Approche socioorganisationnelle
· agencements organisationnels,
· impact des enjeux et des outils de gestion.
Approche de la cognition sociale
· communautés stratégiques de connaissances,
· corpus de connaissances dynamiques et décisions collectives,
Approche de l’intelligence artificielle
· iprocessus de coopération et négociation,
· systèmes multi-agents,
Le croisement de ces approches doit permettre de construire une véritable problématique de l’intelligence collective, afin de déterminer un recours argumenté des technologies de l’information [3].:
· Ingénieries des connaissances
· Ingénieries des systèmes d’information
· Ingénierie des données
Ces domaines de travail décrits comme ingénieries sont vus ici comme portant sur la manipulation de formes sémiotiques empruntées à la langue naturelle et aux formes générales d’écriture : textuelle, graphique, imagée, filmée… sans formaliser la signification exprimée
En précisant des normes et des standards pour assembler des formes sémiotiques, les technologies de l’information mobilisent le calcul numérique, non au profit d’une formalisation du raisonnement, mais au profit d’une transmission de la mémoire [Bachimont, 1994].

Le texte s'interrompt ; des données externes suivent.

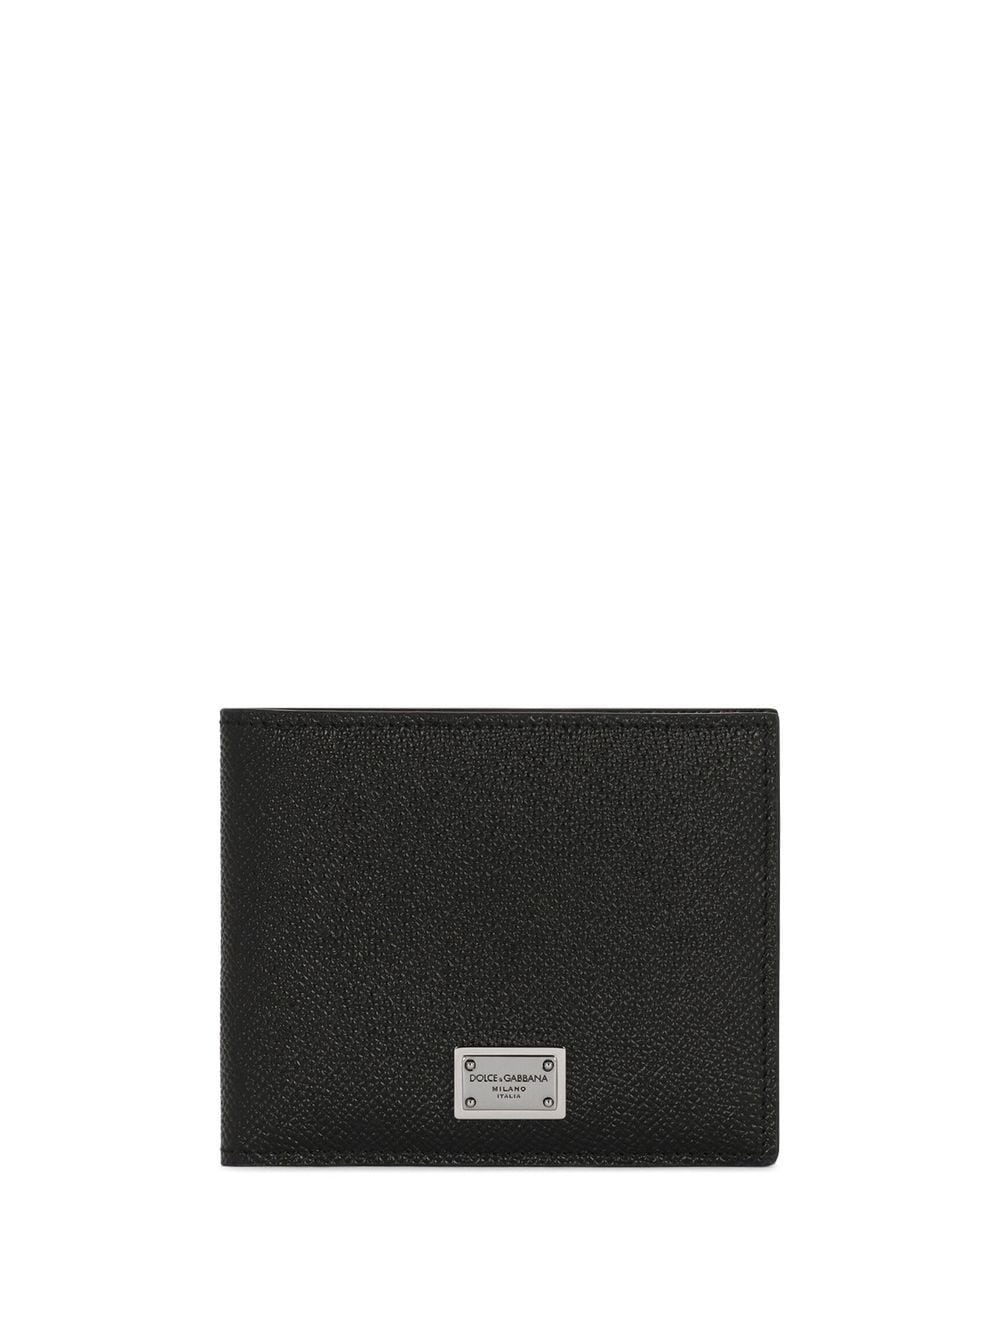 Dolce & Gabbana logo-tag leather bifold wallet - Black von Dolce & Gabbana

[1] On parle ici naturellement de représentation comme fondée sur l’interprétation en tant que « dévoilement du sens » ; la représentation au sens informatique, est d’une autre nature car dépourvue de toute intentionnalité
[2] En effet, elles prennent chacune comme objet scientifique les collectifs dans leurs contextes d’action ; les considérations sur le traitement de l’information en découlent, mais ne constituent pas l’intentionnalité première de la recherche.
[3] l’intelligence artificielle, au sens strict, ne numérise pas le monde ou la pensée, mais la connaissance : la représentation des connaissances revient à rechercher un langage de formalisation dont les opérations interprétatives correspondent aux raisonnements.